Insulin Formulations Characterization by Light Scattering

For studies on insulins under formulation conditions we have used the marketed U100 formulations Humalog® (Lilly, Indianapolis, USA), NovoRapid® (Novo Nordisk, Bagsveard, Denmark), as well as Apidra® and Insuman Rapid® (Sanofi-Aventis, Frankfurt, Germany). The compositions of the formulations are shown in Supplemental Table I. Lyophilized samples of the insulins (lispro, aspart, glulisine, and HI) and solvents to the corresponding formulations (placebos) were provided by Sanofi-Aventis (Frankfurt, Germany). PBS (10 mM buffer) was prepared from tablets (Calbiochem, Germany). Glycerol (85%), phenol and m-cresol were provided from Roth (Germany). ZnCl₂ was supplied from Merck (Germany). All chemicals were of analytical grade. Solvents were prepared using Milli-Q water (Merck Millipore, Germany) and were filtered and degassed after preparation using 0.45 μm Millicup filter units (Merck Millipore, Germany). In special cases, dialysis against the corresponding solvent using dialysis tubing (MW cut-off 3500, Spectra/Por©, Spectrum Laboratories, USA) was done ensuring the specified solvent conditions. Dialysis was always done, if stock solutions with high insulin concentrations were used. For measurements in Zn²⁺-free PBS, EDTA was added to the stock solutions after dissolving the drug substance, in order to remove Zn²⁺ completely. Afterwards, the samples were dialysed against PBS.

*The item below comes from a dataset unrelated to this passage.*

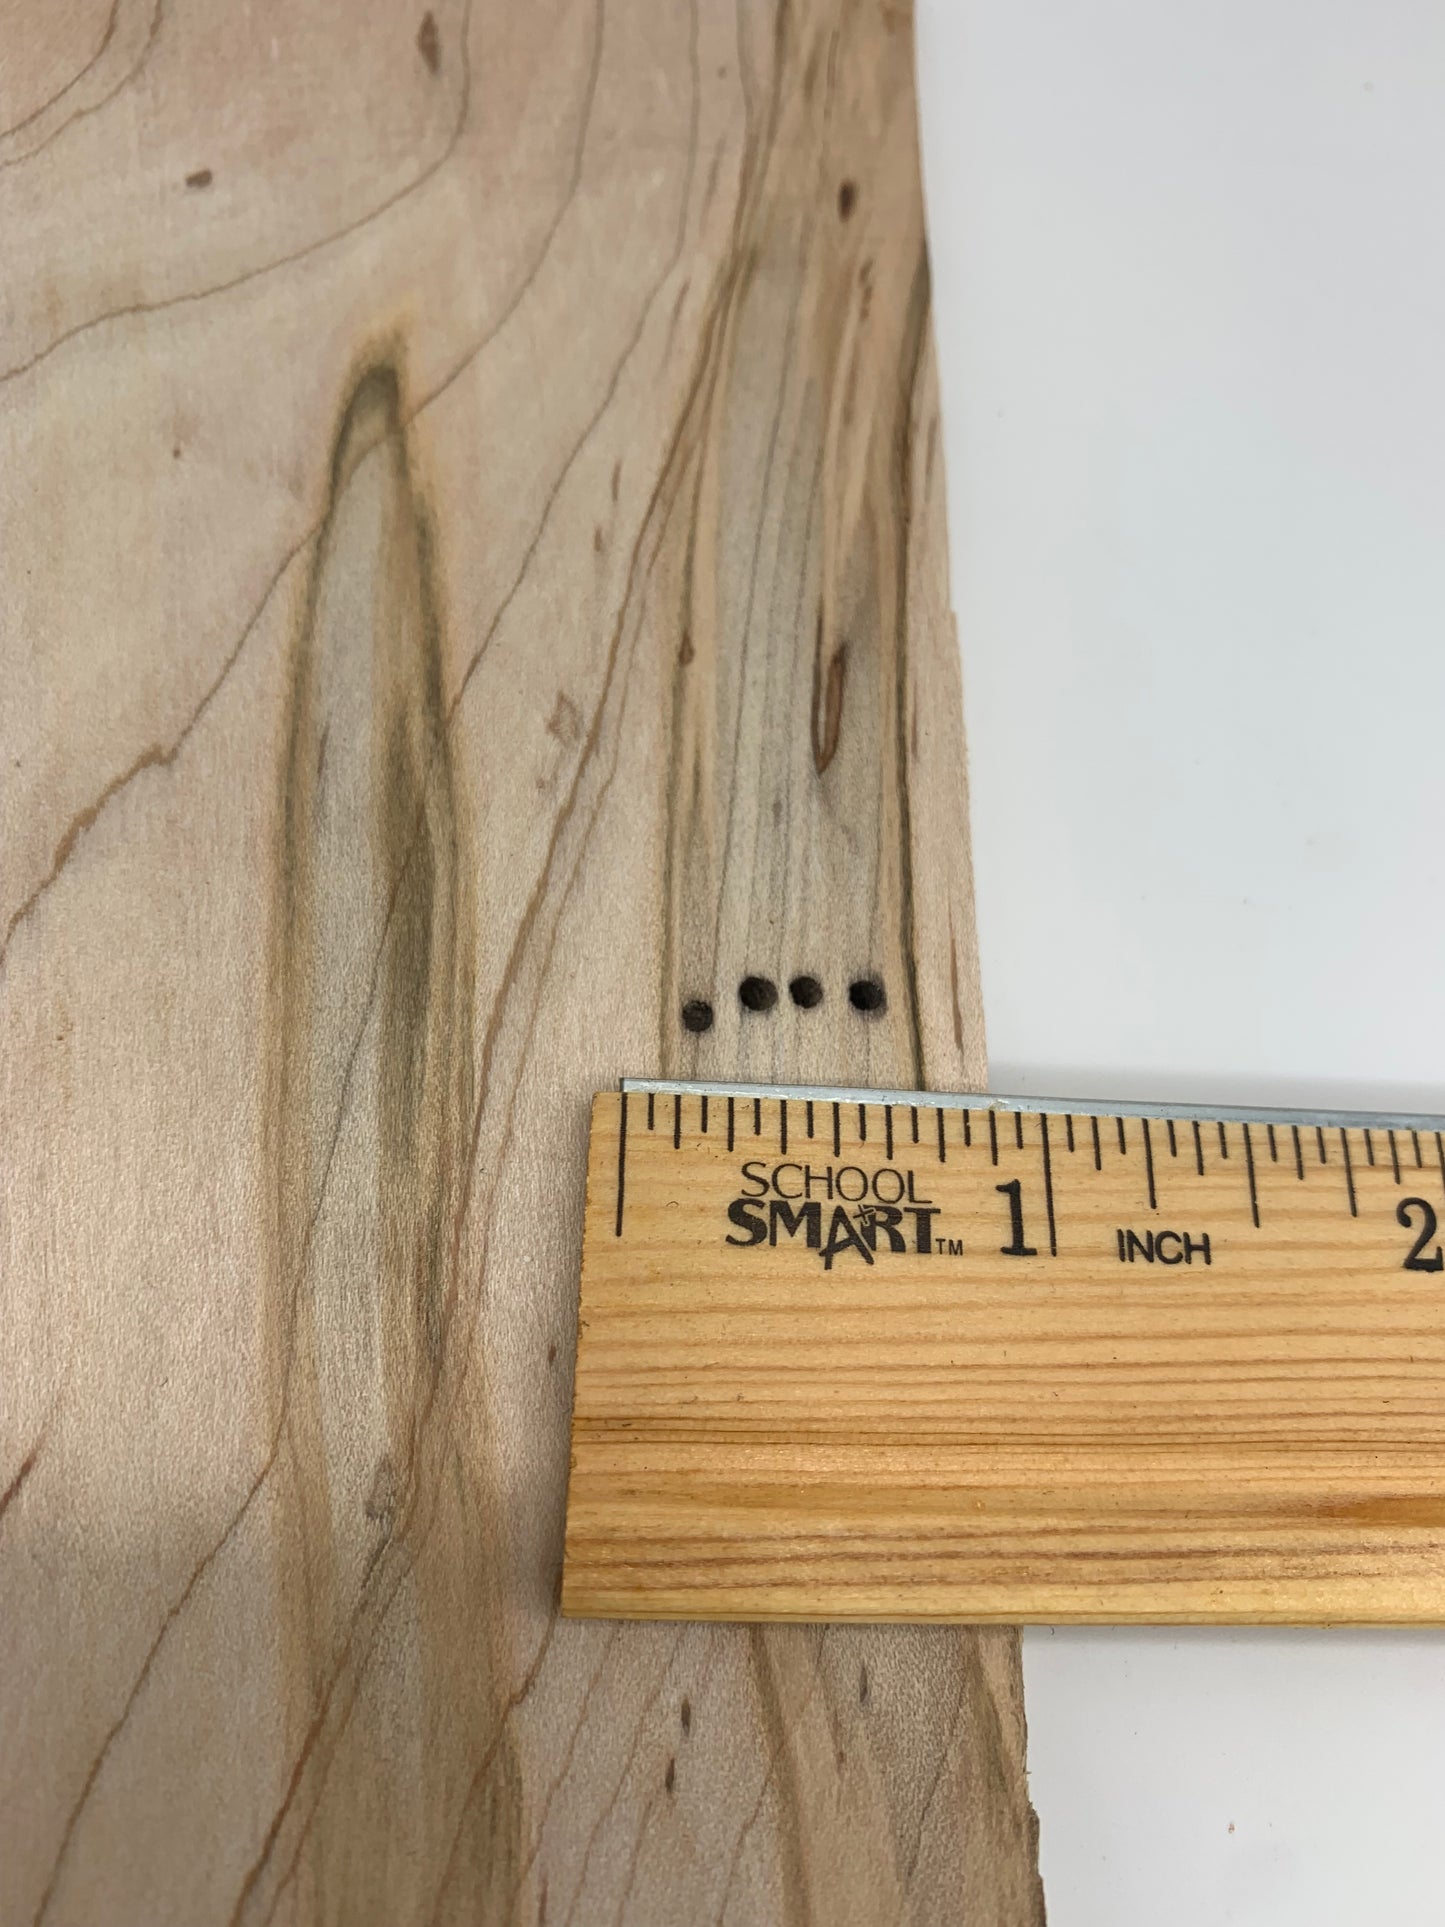 Ambrosia Maple Hardwood, 1/8 thick, perfect for laser cutting.

Samples for light scattering were filtered either through 0.1 μm Whatman-Anotop filters (VWR, Germany) directly into 3-mm-pathlength micro-fluorescence cells (105.251-QS, Hellma, Germany) immediately prior to use or were subjected to ultracentrifugation. Usually, about 500 μl were centrifuged at 75000 g for 30 min. An amount of 80–150 μl of the supernatant was quickly transferred into the sample cell. Peptide concentrations were determined photometrically using a specific absorption A(276 nm, 1 cm pathlength, 1 mg/ml) of 1.08.